Но я не вижу никакого «другого» пути. А может, я просто плохо смотрю, недостаточно хорошо ищу, ленюсь вникнуть в себя? И так далее. Я боюсь всю жизнь прозаниматься не тем, к чему я предназначена. Я очень рада за людей, которые могут с полной уверенностью говорить о себе: я писатель, я поэт, я человек.
Я не могу. И каждый раз, когда мне кто-то со стороны говорит: да, это точно, ты писатель — я получаю некоторое облегчение. Это как аспирин — на время снимает боль, но не лечит самой болезни.
И пожив чуть-чуть спокойно, я опять начинаю сомневаться.
— Как Вы пришли в литературу?
— А я ничего другого просто не умею. Это вопрос не навыков, которым можно научиться, а внутренней организации. Любая человеческая деятельность имеет смысл только в том случае, если она обращена не к самой себе, а вовне, к людям. И вот я все время думаю: чем я могу помочь, что я могу дать? И раз за разом убеждаюсь, что ничего — только слова.

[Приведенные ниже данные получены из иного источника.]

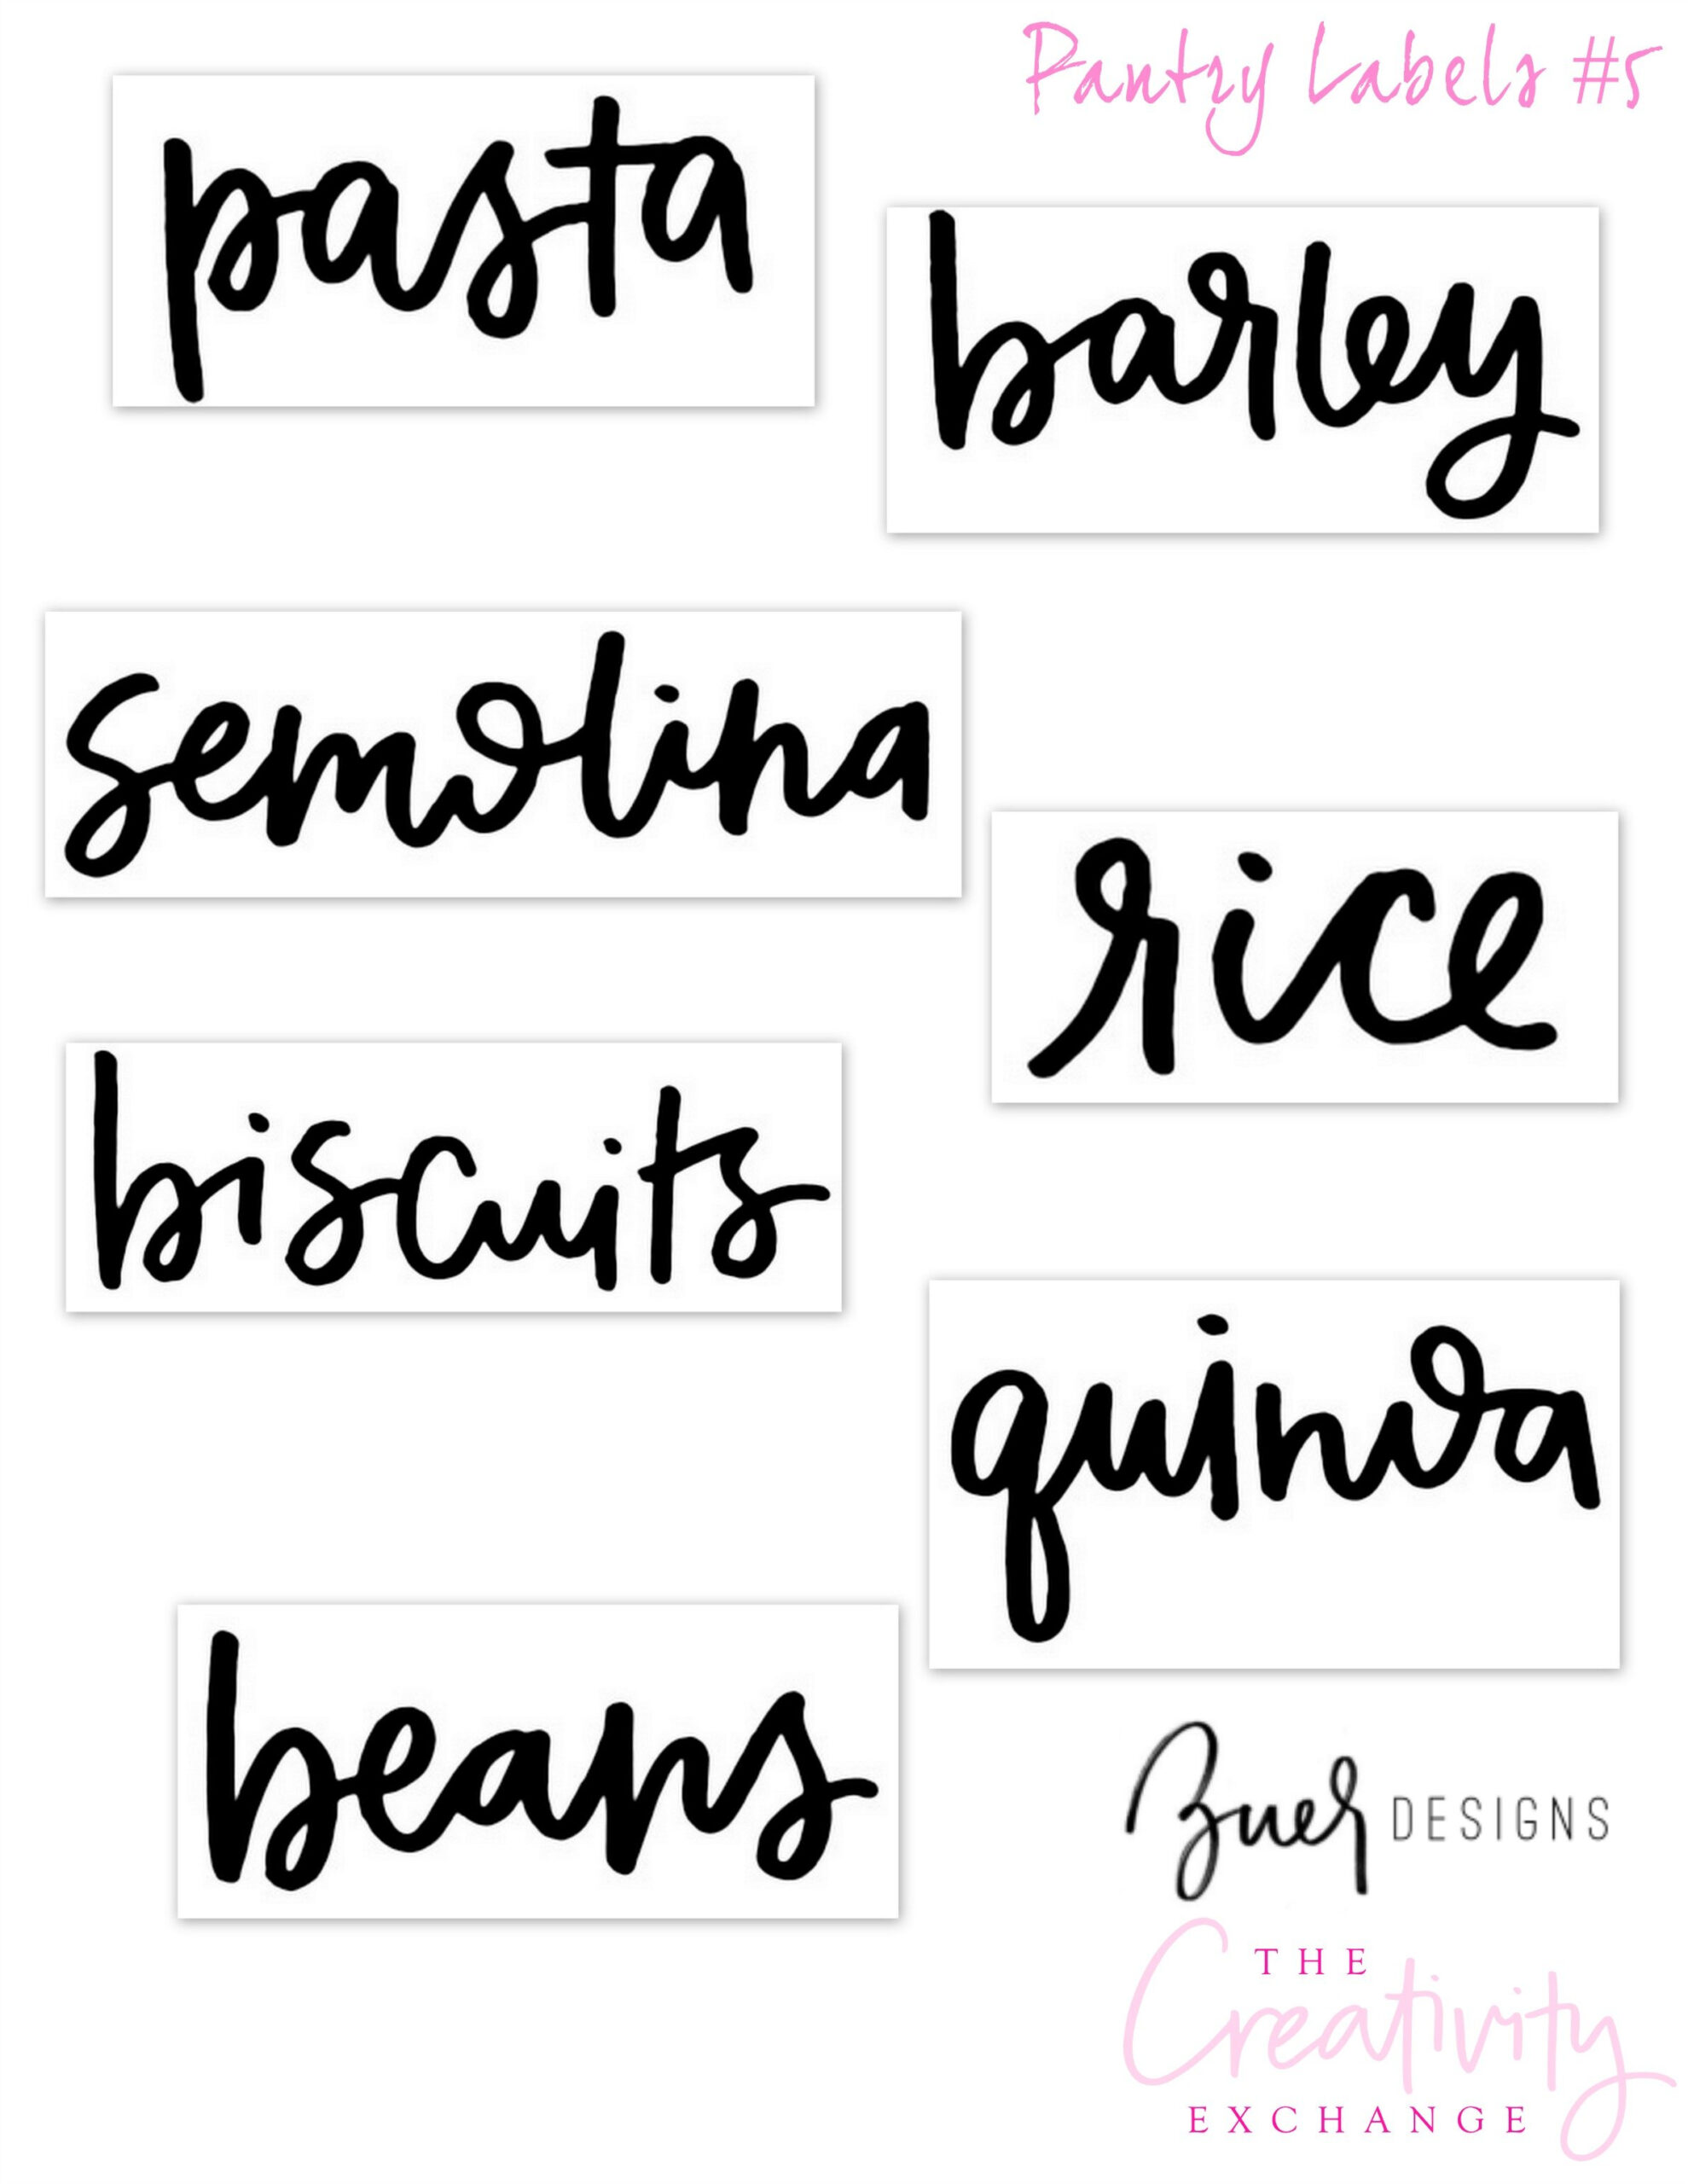 Free Printable Pantry Labels Hand Lettered By Zuer Designs Print On

Но может ли слово, мое слово, быть делом? Вот вопрос, который не дает мне покоя. Может ли оно чем-то помочь, что-то изменить хоть в одном человеке? Не знаю.
Но ничего другого не умею. И, наверное, все мое писательство рождается из невозможности пойти и сделать что-то весомое, настоящее: утешить, накормить, согреть.
— Этот вопрос в той или иной форме мы задаем всем нашим гостям. Каковы были Ваши отношения с литературой в школе?
— Когда я училась в Перми, до шестого класса включительно, у нас была очень хорошая учительница литературы — Людмила Николаевна Бородина. Во-первых, мы ее по-человечески безумно любили, каждую перемену липли к ее столу, писали о ней песни и страшно завидовали параллельному классу, у которого она была классной. Во-вторых, она заражала нас своим отношением к литературе, и для нас чтение, книги — это был праздник, полет души и мысли, а не одна из школьных дисциплин. Мы часто собирались после уроков, когда уже темнело, в кабинете литературы, зажигали свечи и читали друг другу стихи.
В начале шестого класса мы вернулись после каникул, и нам задали написать обычное сочинение на тему «Как я провел лето». А это был 1991 год, и так случилось, что в августе мы с мамой оказались в Москве. Побывали и на баррикадах у «Белого дома», и на свалке памятников у ЦДХ. Правда, не в сами эти дни, а спустя неделю. Но это все равно было громадное впечатление.
Мне было десять лет, я мало что понимала в политике, но дух свободы, вдохновение свободы, которые заставляли незнакомых людей обнимать друг друга на московских улицах, были мне очень внятны, и я откликалась на них всем существом. Так что мое сочинение «Как я провел лето» в том году было написано взахлеб, и не о поездке к бабушке, а о баррикадах и танках. После него Людмила Николаевна стала меня спрашивать: «А ты что-нибудь еще пишешь? Стихи?
Рассказы?» А я тогда об этом еще не задумывалась. «Ну, значит, будешь писать», — говорила Людмила Николаевна. И не ошиблась. Когда у меня вышел отдельной книгой Роман, я отправила посылку на адрес школы, не особо надеясь.
И Людмила Николаевна мне ответила! Такое счастье было узнать, что ничего не изменилось: она жива-здорова, по-прежнему работает в школе, и все так же вокруг ее стола на переменах вьются Дети, а по вечерам в кабинете литературы горит свеча и звучат стихи.
Это первая история, хорошая. Вторая — отношения со школьной литературой в Ярославле, куда мы переехали. Это мне вспоминается как страшный сон.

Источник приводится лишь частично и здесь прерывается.